There’s no particular reason we should expect Sen. Ted Cruz to have any inner moral compass that inhibits him from any act of demagoguery. After all, his whole brief political career is based on self-righteously shrieking and pointing and preening in order to exploit mistrust of people in power–in government, that is, not, of course, in the corporate sector–and promote destructive and even self-destructive forms of protests against imagined tyrannies.
But having said all that, this (per Houston TV reporter Doug Miller) is still shocking:
U.S. Sen. Ted Cruz, who’s made criticism of President Obama one of the foundations of his political career, is linking the Obama administration’s rhetoric to the murder of a Houston area law enforcement officer.
Cruz’s remarks come days after the death of Darren Goforth, a Harris County Sheriff’s Office deputy shot dead for no apparent reason while pumping gas into his car.
Investigators have charged a young man named Shannon J. Miles who lives near the crime scene, but they’ve said his motive remains a mystery. Nonetheless, many people in law enforcement believe the murder was a consequence of anti-police rhetoric.

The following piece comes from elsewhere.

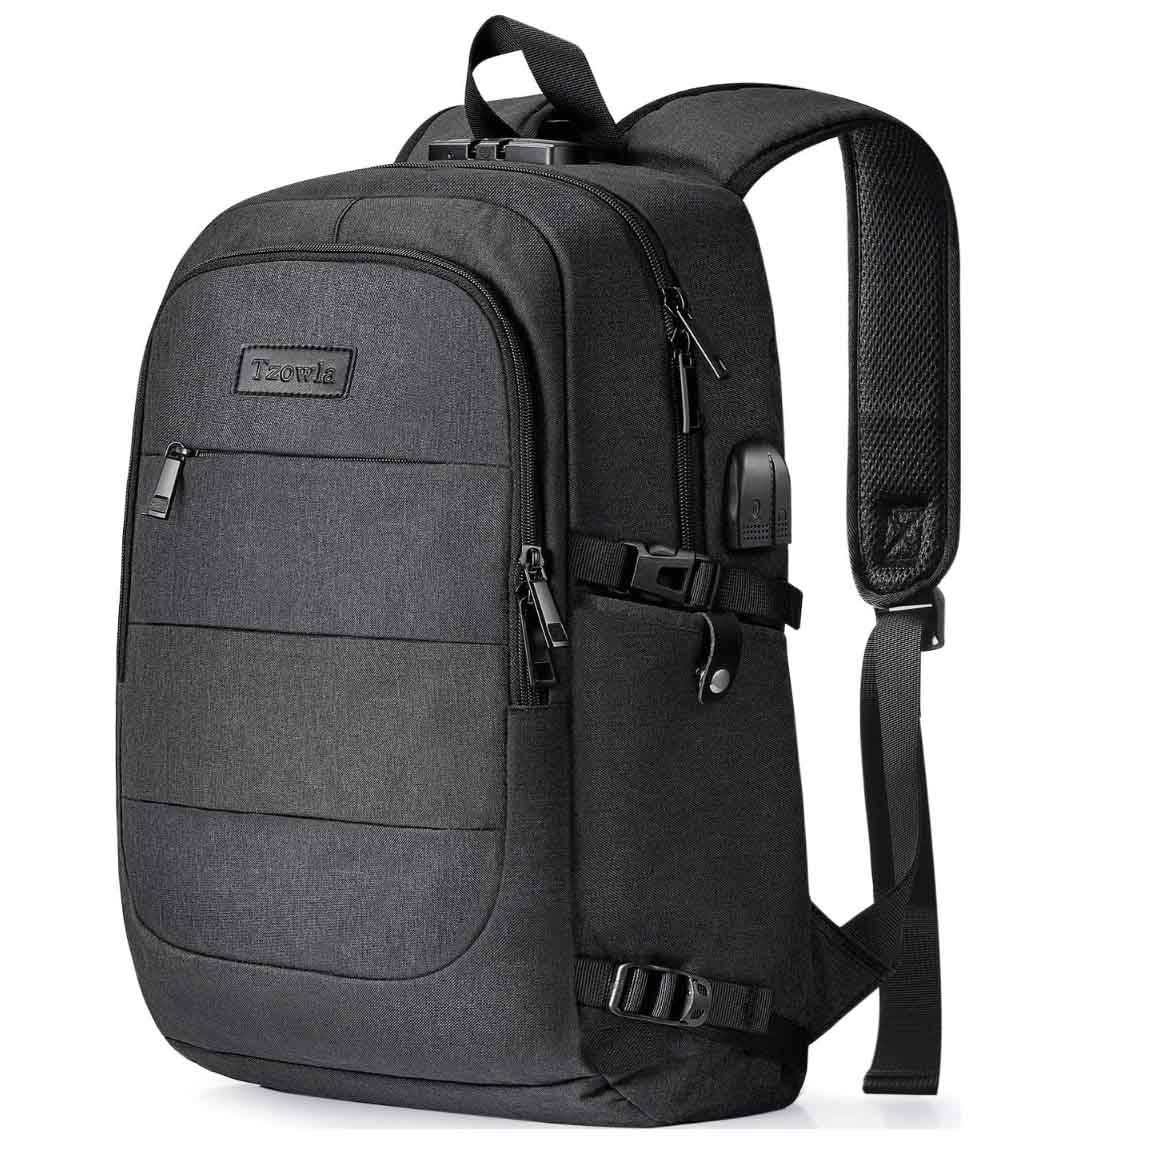 Side view of grey laptop backpack

“I think the violence we’re seeing directed at law enforcement is a direct manifestation of the harsh rhetoric and the vilification of police officers, of law enforcement that sadly has come all the way from the top,” Cruz said. “Over and over again, President Obama and the Department of Justice and senior administration officials have chosen to vilify law enforcement.”
Aside from the fact that Cruz’s characterization of Obama administration “rhetoric” about police is a bald-faced lie (when has Obama or anyone in the Justice Department “vilified” law enforcement?), how on earth can Obama be held accountable for the actions of an apparently mentally ill person in Houston? And what is Cruz’s prescription? Publicly announcing that police officers can never do wrong, can never be held accountable for abuses of power, can use their monopoly on the sanctioned use of force however they see fit in every circumstance?
In even the most positive construction, Cruz’ attack on Obama is reminiscent of the semi-hysterical liberal claim in 1963 that Texas conservatives were responsible for JFK’s assassination because they had created a “climate of hate” towards the president (clearly, we hadn’t seen anything yet on that score!). And I wonder how many people who applaud Cruz today become completely unhinged any time someone attributes a portion of blame for mass shootings to opponents of gun control?
In any event, it’s hard now to imagine any evil phenomenon in national or international life that people like Cruz will not blame on Barack Obama.
As Cruz has become a familiar figure in American politics, the initial tendency to marvel over his physical and rhetorical similarity to Sen. Joseph McCarthy has naturally faded. But the only adequate response to this sort of outrageous nonsense is to say, as Joseph Welch famously said to McCarthy: “Have you no sense of decency, sir, at long last? Have you left no sense of decency?”